Data object serialization in C++ has been something that's been bugging me for a long time. I'm developing a distributed memory management library named Kelpie in C++ that sits on top of an RDMA/RPC communication library for HPC named Nessie that's in C. Nessie is a solid library and does a number of low-level things that make my life easier and my code portable to different HPC platforms. However, since it's written in C, there have been a number of times where I've had to do awkward things to interface my C++ code to it. Serialization is one major sore point with me. Nessie uses XDR for serialization, which doesn't work with C++ strings, and just feels cumbersome. I decided to write up a little benchmark to measure how well different, popular serialization libraries performed so I could convince the Nessie developers to support something else.
Serialization is the process of converting a data structure you're using into a contiguous series of bites that can be transported over the network and revived into an object on the remote side without any additional information. This process often takes into account hardware architecture differences between the source and destination (byte endianness and word widths), as well as conversions between different programming languages. Some serialization libraries use a definition file to generate code for your application, while others provide hooks for you to easily define how objects get serialized in your code. I experimented with four main serialization libraries in this experiment.
There are other serialization libraries out there that I've experimented with but excluded from this test (thrift, avro, capn proto, flat buffers, etc.). Each library requires a good bit of tinkering to setup and incorporate into a test. I'd like to revisit them at some point for a bigger comparison.
I'm only interested in seeing how well these libraries perform when using the types of data structures I frequently ship in my Kelpie library. My messages usually send a small number of (integer) default values followed by a series of id/string data entries. The test program generates all the application data at start time and then proceeds to serialize different amounts of input by changing how many id/string data entries are packed. Packing for me involves all steps in converting my application's data into a buffer that my RDMA library can transmit. In Boost, Serial, and PB, this RDMA buffer requirement involves copying the packed data to a memory location that is suitable for transmission (XDR allows me to write directly to the buffer).
In separate tests I measure the encode/decode times, as well the size of the packed data that would be transmitted over the network. The packed message size shows that PB performs compression and achieves a noticeable improvement over the other libraries at all sizes. Boost carries the most overhead. Message size is important to me in Kelpie, as there are sizable communication penalties if you can't fit a message in a single MTU. Beyond fitting everything into an MTU, the differences between the libraries aren't that significant.
Encoding/Decoding speed however, is very important to me as every step in the communication path counts towards the latency of my operations. I was surprised and impressed by both XDR and PB: they both performed well and were significantly better that Boost and Serial at the left end of the plot where I care the most.

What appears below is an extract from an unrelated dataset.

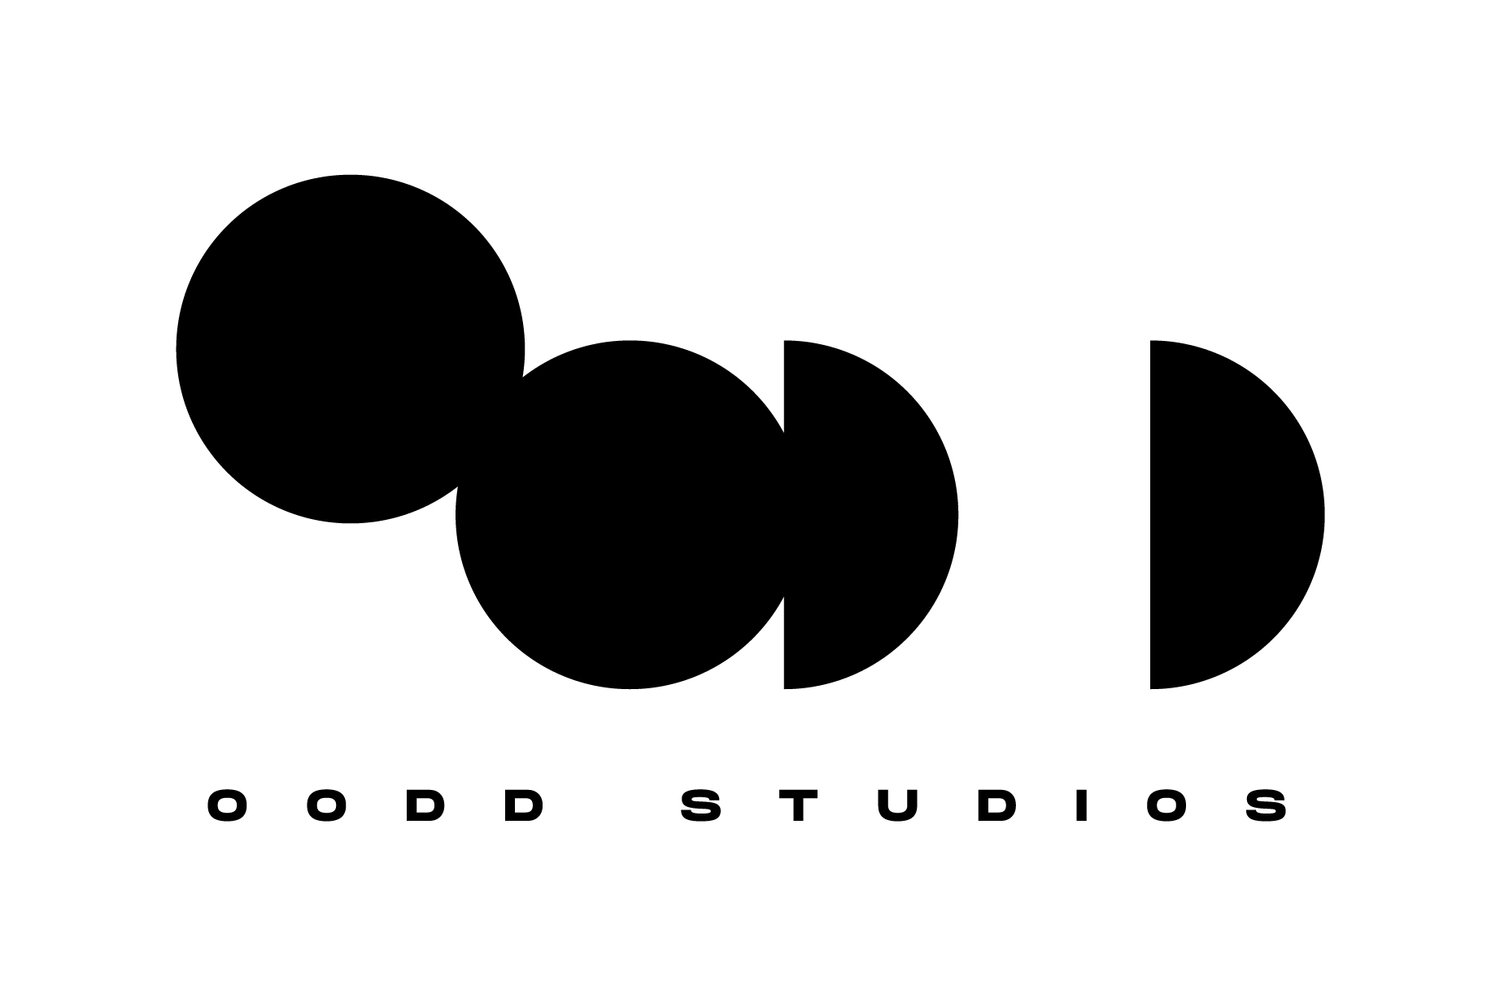 OODD Studios

Decode times were another interesting story. XDR did very well for short messages and remained competitive with Cereal in larger messages. I was surprised PB did so poorly, even getting beat by Boost after 32 records were sent. Decode isn't as critical as encode (since the sender is free to do more work once the message leaves), but it does add to the communication cost.
Back to XDR?
I was pretty disappointed by these tests because I'd hoped that with all their shiny C++ features, newer libraries would outperform our aging XDR code. In some metrics that was true, but there was no universal winner in all situations: the air goes somewhere when you squeeze the balloon. It's important to point out here that these tests were designed to reflect my particular scenario, and are not meant to be an end-all test for comparing serialization libraries. Most people don't have my buffer challenges, and therefore would see different results. The best thing to do is code it up yourself and try it out with your own data.